Question

Submit your calculation/answer for Part 1 and MATLAB code/result/answer for Part 2 below:

Servicing Customers A supermarket you work part-time at has one express lane open from 5 to 6 PM on weekdays (Monday through Friday). This time of the day is usually the busiest since people tend to stop on their way home from work to buy groceries. The number of items allowed in the express lane is limited to 10 so that the average time to process an order is fairly constant at about 1 minute. The manager of the supermarket notices that there is frequently a long line of people waiting and hears customers grumbling about the wait. To improve the situation he decides to open additional express lanes during this time period. If he does, however, he will have to "pull" workers from other jobs around the store to serve as cashiers. Hence, he is reluctant to open more lanes than necessary. Knowing that you are a college student studying probability, your manager asks you to help him decide how many express lanes to open. His requirement is that there should be no more than one person waiting in line 95% of the time. With the task at hand, you set out to study the problem first. You start by counting the number of customer arrival in the express lane on a Monday from 5 to 6pm. There are a total of 81 arrivals. You repeat the experiment on the following four days (Tuesday through Friday) and note the total arrivals of 68, 72, 61 and 66 customers, respectively.

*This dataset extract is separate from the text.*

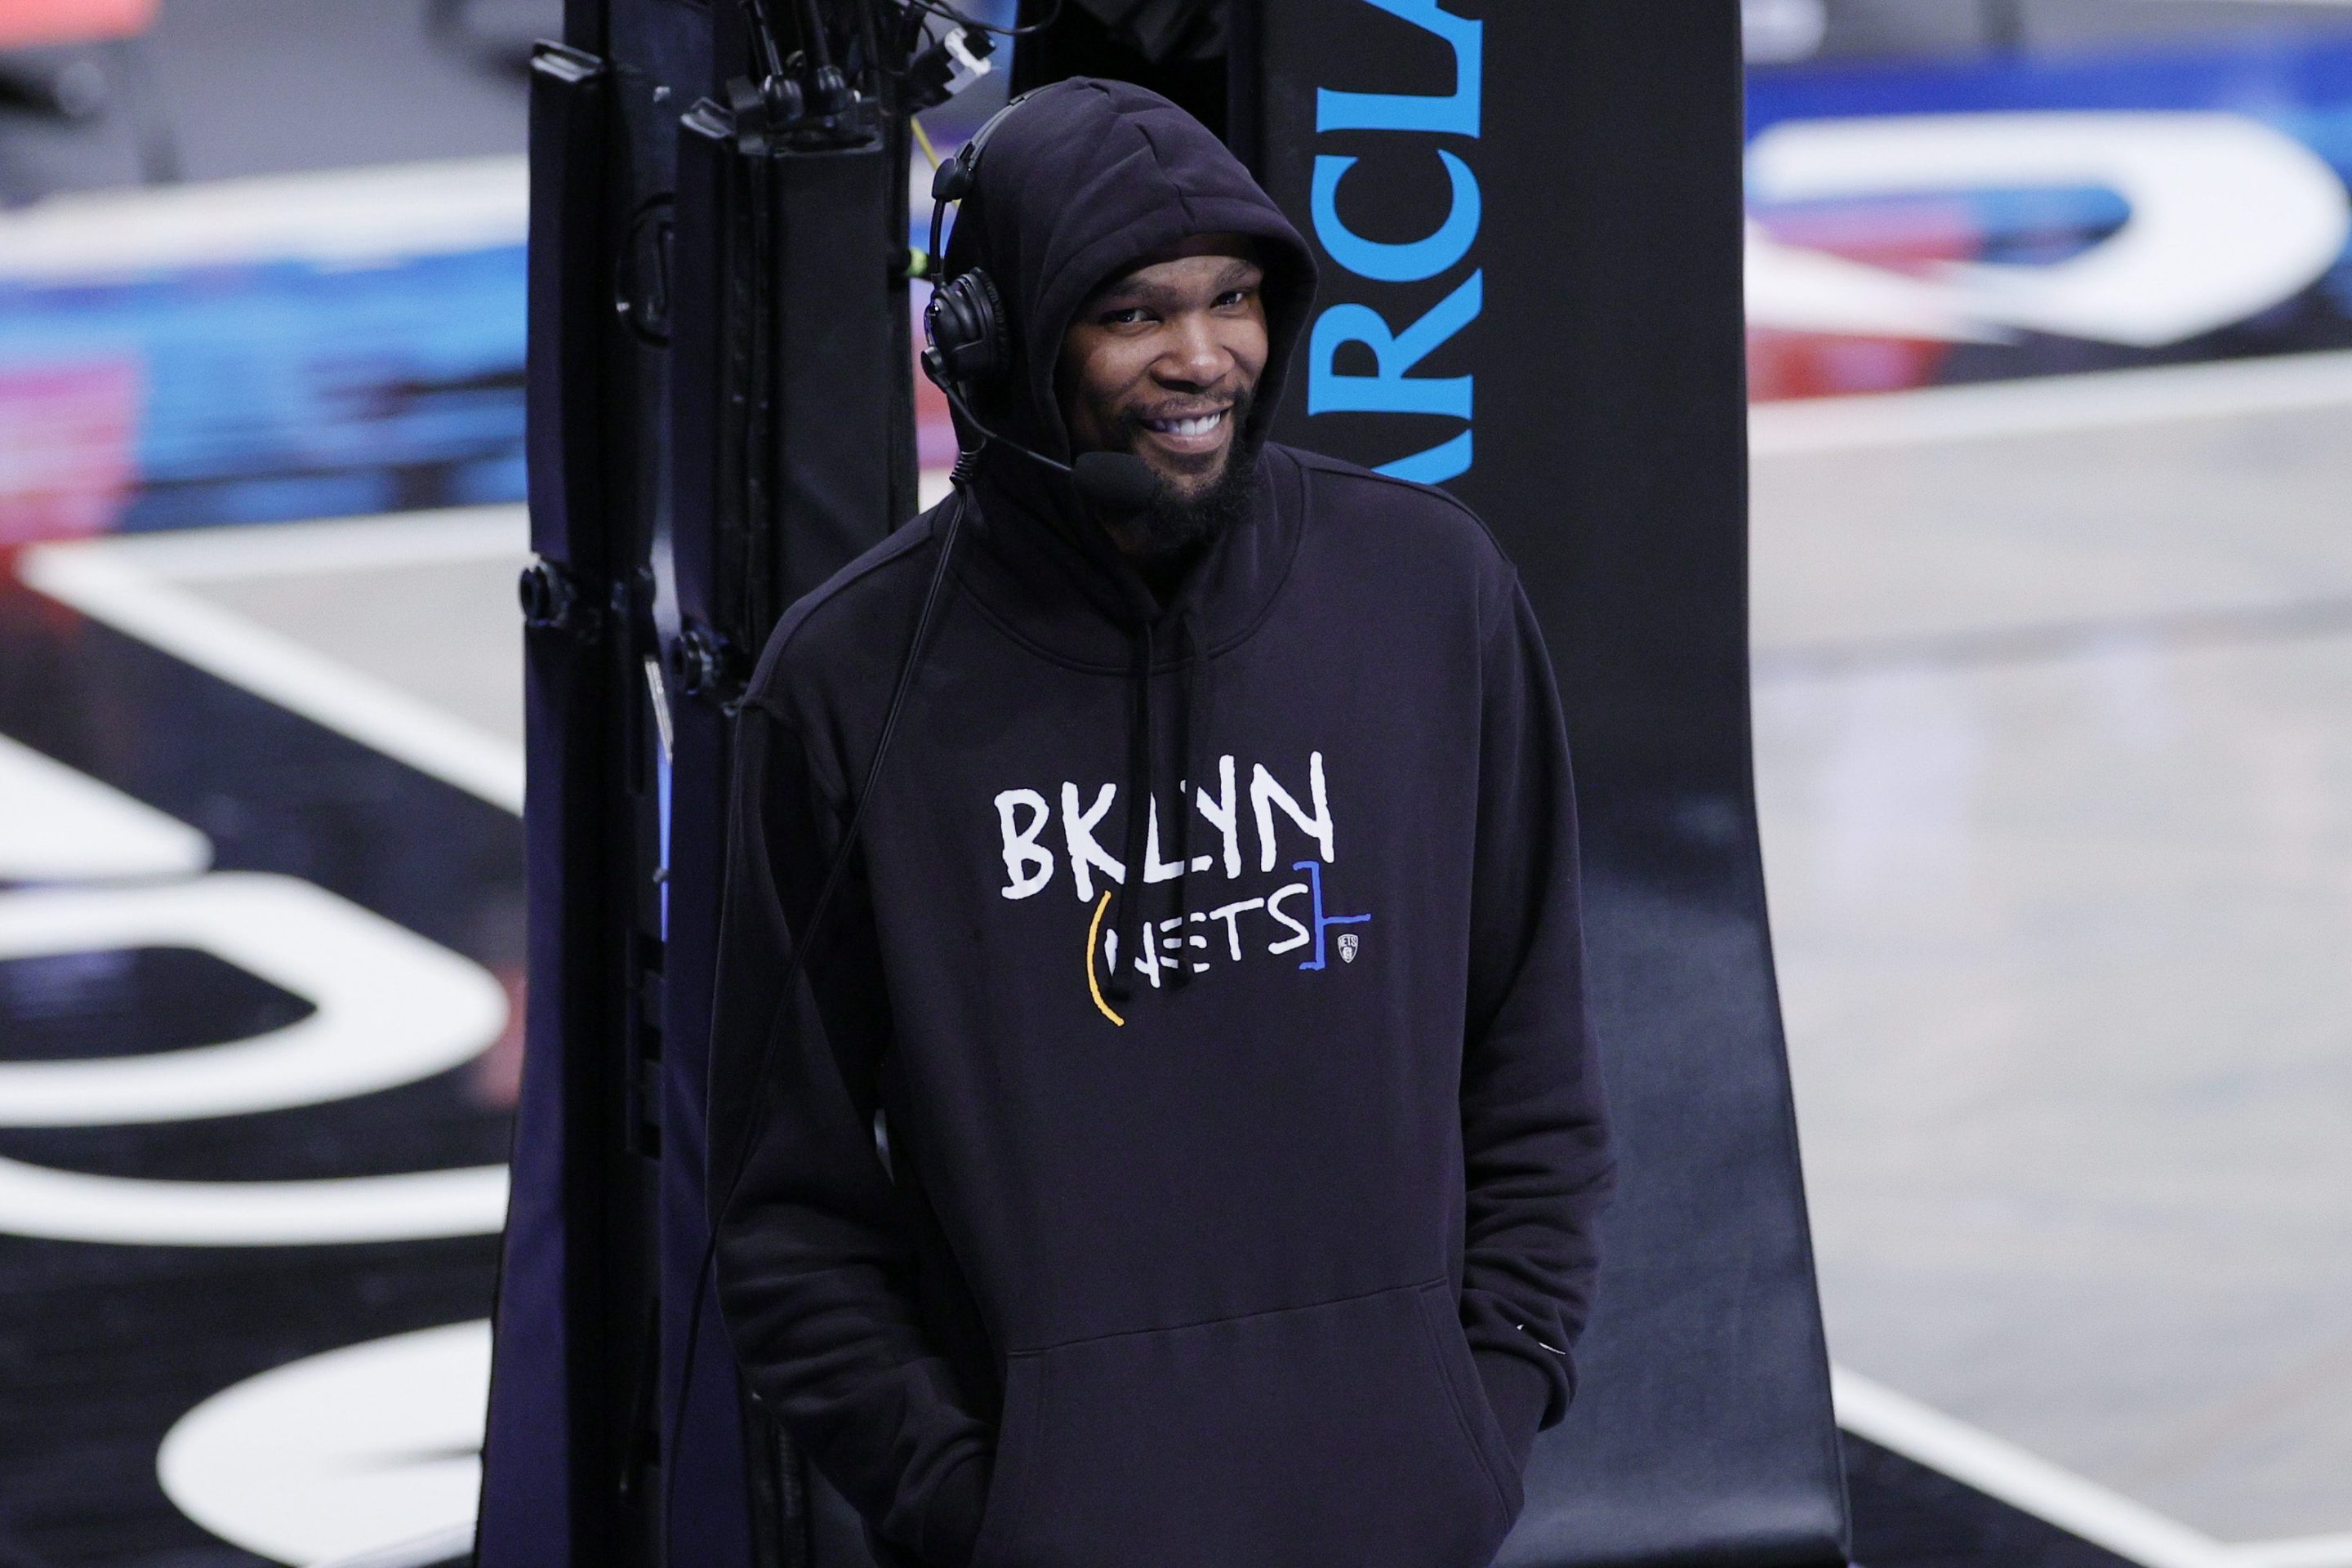 Kevin Durant of the Brooklyn Nets, in a hoodie, making a goofus face

Part 1: Analysis (2% of final grade) In order to solve the problem, you decide to answer the following set of questions:

1)

2)Ans= 1.16

3) Ans = 67.71%

4) Ans= 96.53%

Part 2: Simulation (2% of final grade)

Before telling your manager your recommendation, you decide to simulate the problem first to verify your solution:

1) You decide to approximate the customer arrival process as follows. You treat each one-second interval as a Bernoulli trial. Assign it to be a one, if there is a customer arrives during that interval, zero if no customer arrives.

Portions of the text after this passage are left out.